Let $C^{\infty}(\mathbb{R})$ be the space of all infinitely differentiable complex-valued functions on $\mathbb{R}$. Define the metric \begin{align} d(f,g) = \sum_{n,m=0}^{\infty} 2^{-n-m}\frac{\sup_{x\in\mathbb{R}:|x|\leq n} |f^{(m)}(x)-g^{(m)}(x)|}{1+\sup_{x\in\mathbb{R}:|x|\leq n} |f^{(m)}(x)-g^{(m)}(x)|}. \end{align} Show that $(C^{\infty}(\mathbb{R}),d)$ is complete.
My attempt: Let $(f_k)_{k\in\mathbb{N}}$ be a Cauchy sequence in $(C^{\infty}(\mathbb{R}),d)$. Then we know that $(f_k^{(m)}(x))_{k\in\mathbb{N}}$ is a Cauchy sequence in $\mathbb{C}$ for each $m\in\mathbb{N}_{0}$ and each $x\in\mathbb{R}$. Since $\mathbb{C}$ is complete $(f_k^{(m)}(x))_{k\in\mathbb{N}}$ convergence to some $g_{m}(x)\in\mathbb{C}$ for each $m\in\mathbb{N}_{0}$ and each $x\in\mathbb{R}$.

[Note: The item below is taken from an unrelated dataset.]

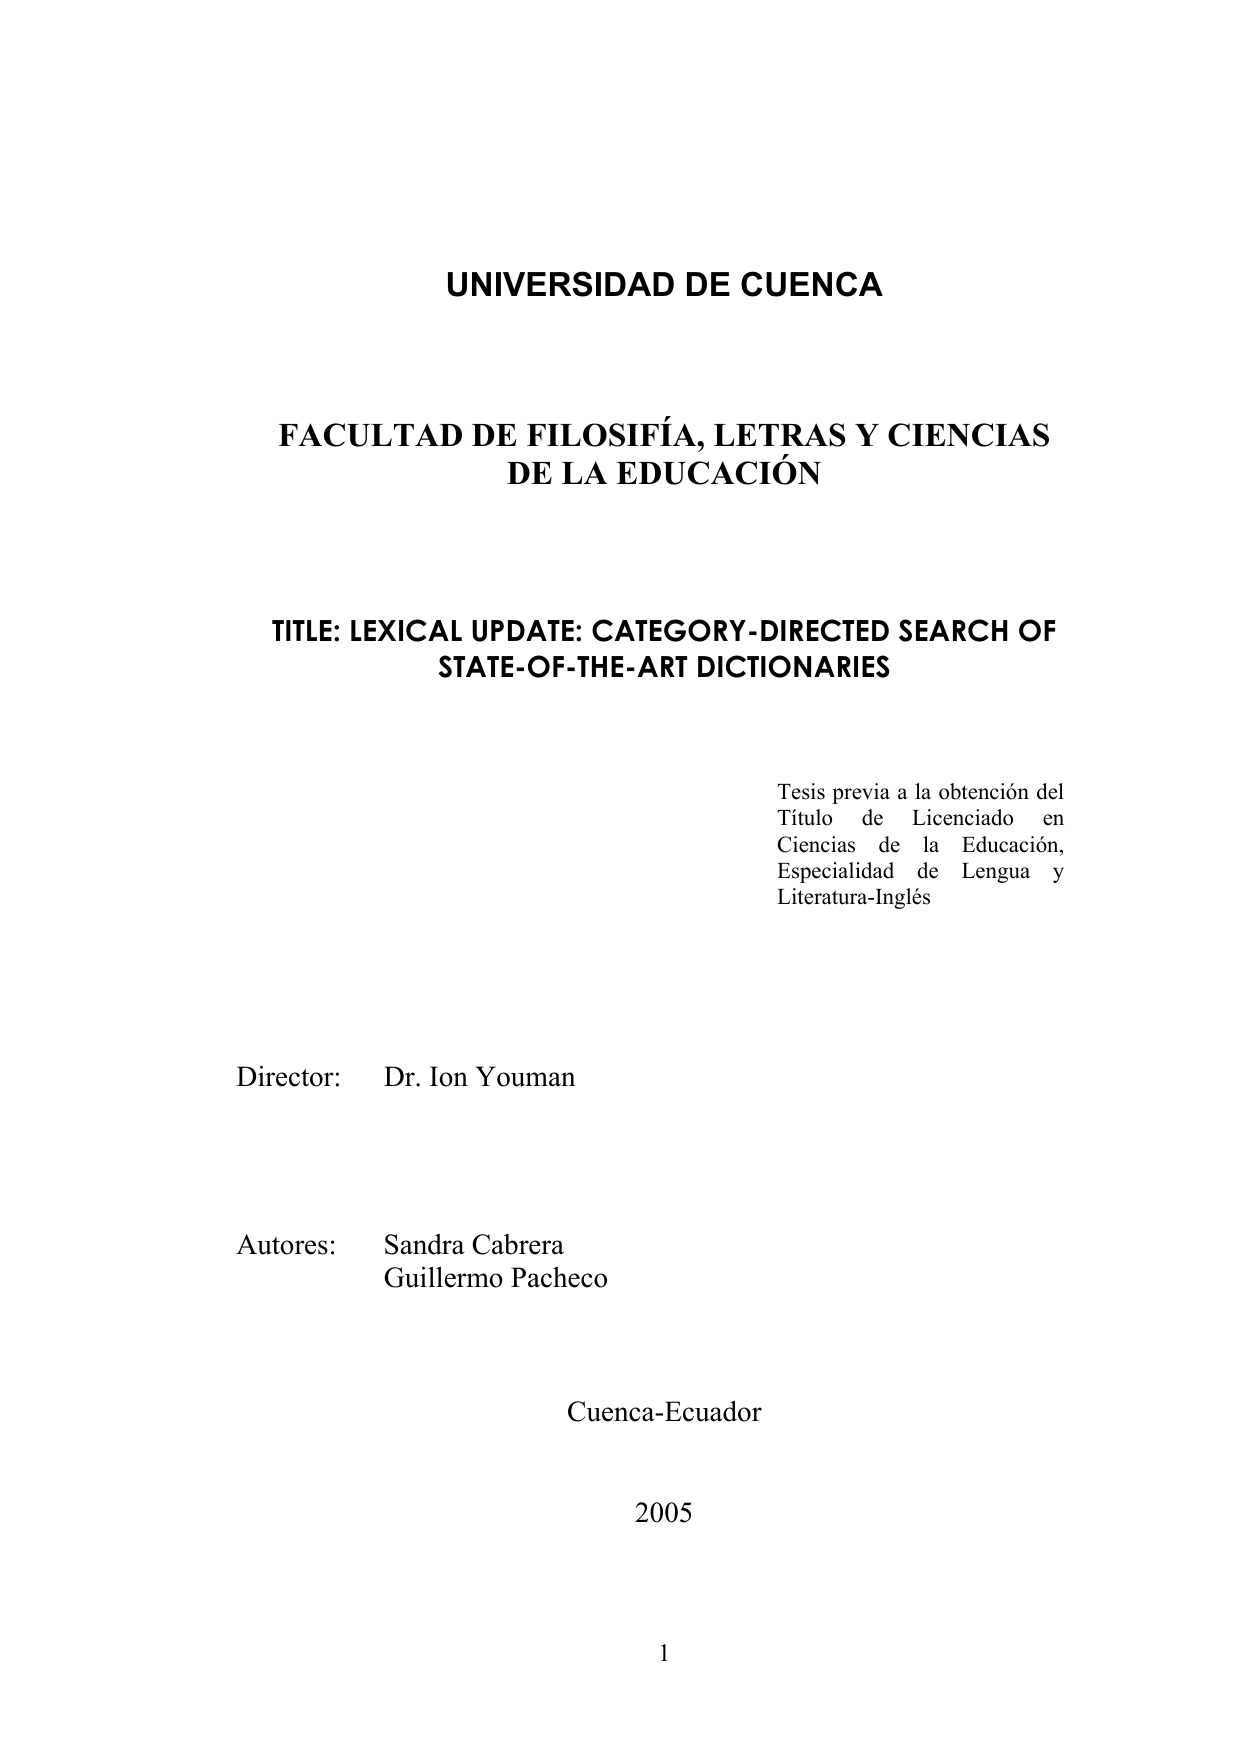 Hmo Daddy Spreadsheet with Universidad De Cuenca Facultad De Filosifía, Letras Y Ciencias De La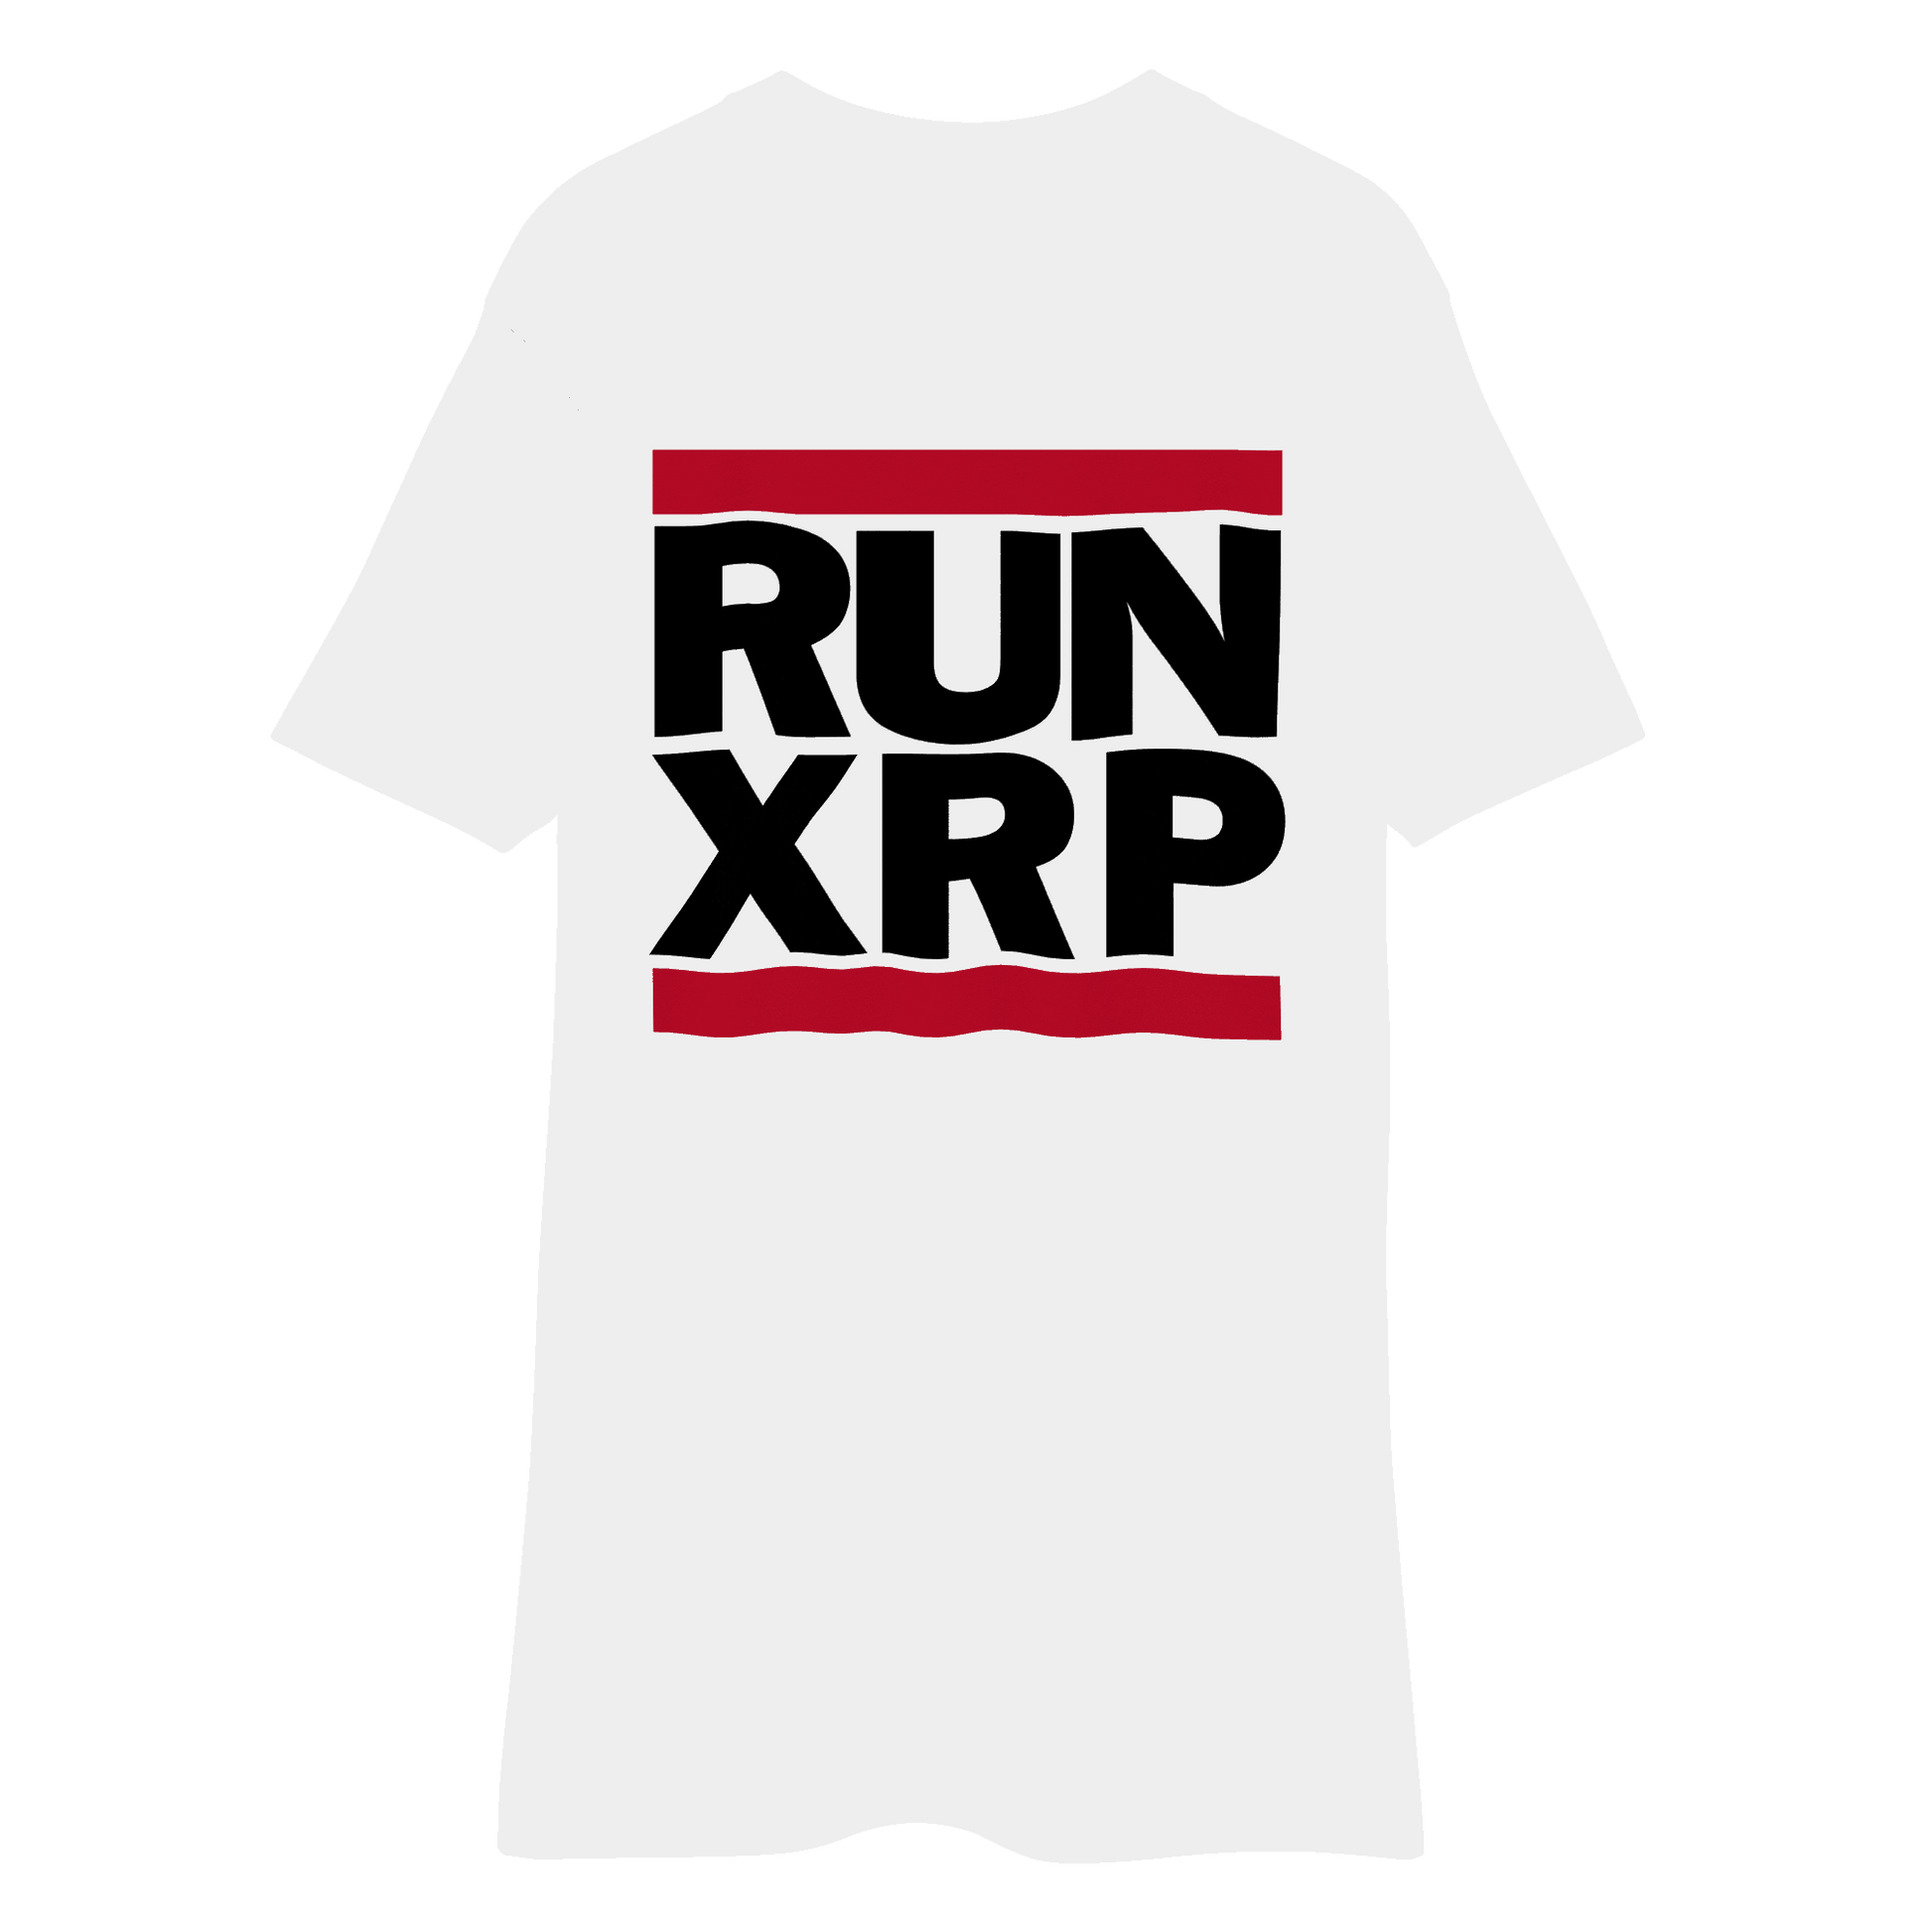 RUN XRP - White Men’s premium heavyweight tee

Next, I want to show that $(f_k^{(m)})_{k\in\mathbb{N}}$ convergence uniformly to $g_{m}$ for each $m\in\mathbb{N}_{0}$ but not sure how to do it. At least I want to show that $g_{m}$ is continuous.
Since this seems to be where OP is struggling, I’m writing answer to prove the following: if on each $[-n, n]$, $f_k^{(m)} \to g^{(m)}$ uniformly, then $d(f_k, g) \to 0$.
Let $\epsilon > 0$. Then there exists $N > 0$ s.t. $\sum_{n \geq N \vee m \geq N} 2^{-n-m} < \epsilon/2$ (here, $\vee$ means or). Thus,
$$d(f_k, g) < \sum_{n, m = 0}^{N-1} 2^{-n-m}\frac{\sup_{x\in\mathbb{R}:|x|\leq n} |f^{(m)}(x)-g^{(m)}(x)|}{1+\sup_{x\in\mathbb{R}:|x|\leq n} |f^{(m)}(x)-g^{(m)}(x)|} + \frac{\epsilon}{2}$$
Since for each $n$ and $m$, on $[-n, n]$, $f_k^{(m)} \to g^{(m)}$ uniformly, there exists $K > 0$ s.t., whenever $k \geq K$,
$$\frac{\sup_{x\in\mathbb{R}:|x|\leq n} |f^{(m)}(x)-g^{(m)}(x)|}{1+\sup_{x\in\mathbb{R}:|x|\leq n} |f^{(m)}(x)-g^{(m)}(x)|} < \frac{2^{n + m}}{2N^2}\epsilon$$
For all $n, m \leq N$. Thus, whenever $k \geq K$,
$$\begin{split} d(f_k, g) &< \sum_{n, m = 0}^{N-1} 2^{-n-m}\frac{\sup_{x\in\mathbb{R}:|x|\leq n} |f^{(m)}(x)-g^{(m)}(x)|}{1+\sup_{x\in\mathbb{R}:|x|\leq n} |f^{(m)}(x)-g^{(m)}(x)|} + \frac{\epsilon}{2}\\ &< \sum_{n, m = 0}^{N-1} 2^{-n-m} \frac{2^{n + m}}{2N^2}\epsilon + \frac{\epsilon}{2}\\ &= \epsilon \end{split}$$
So $d(f_k,g) \to 0$, as required.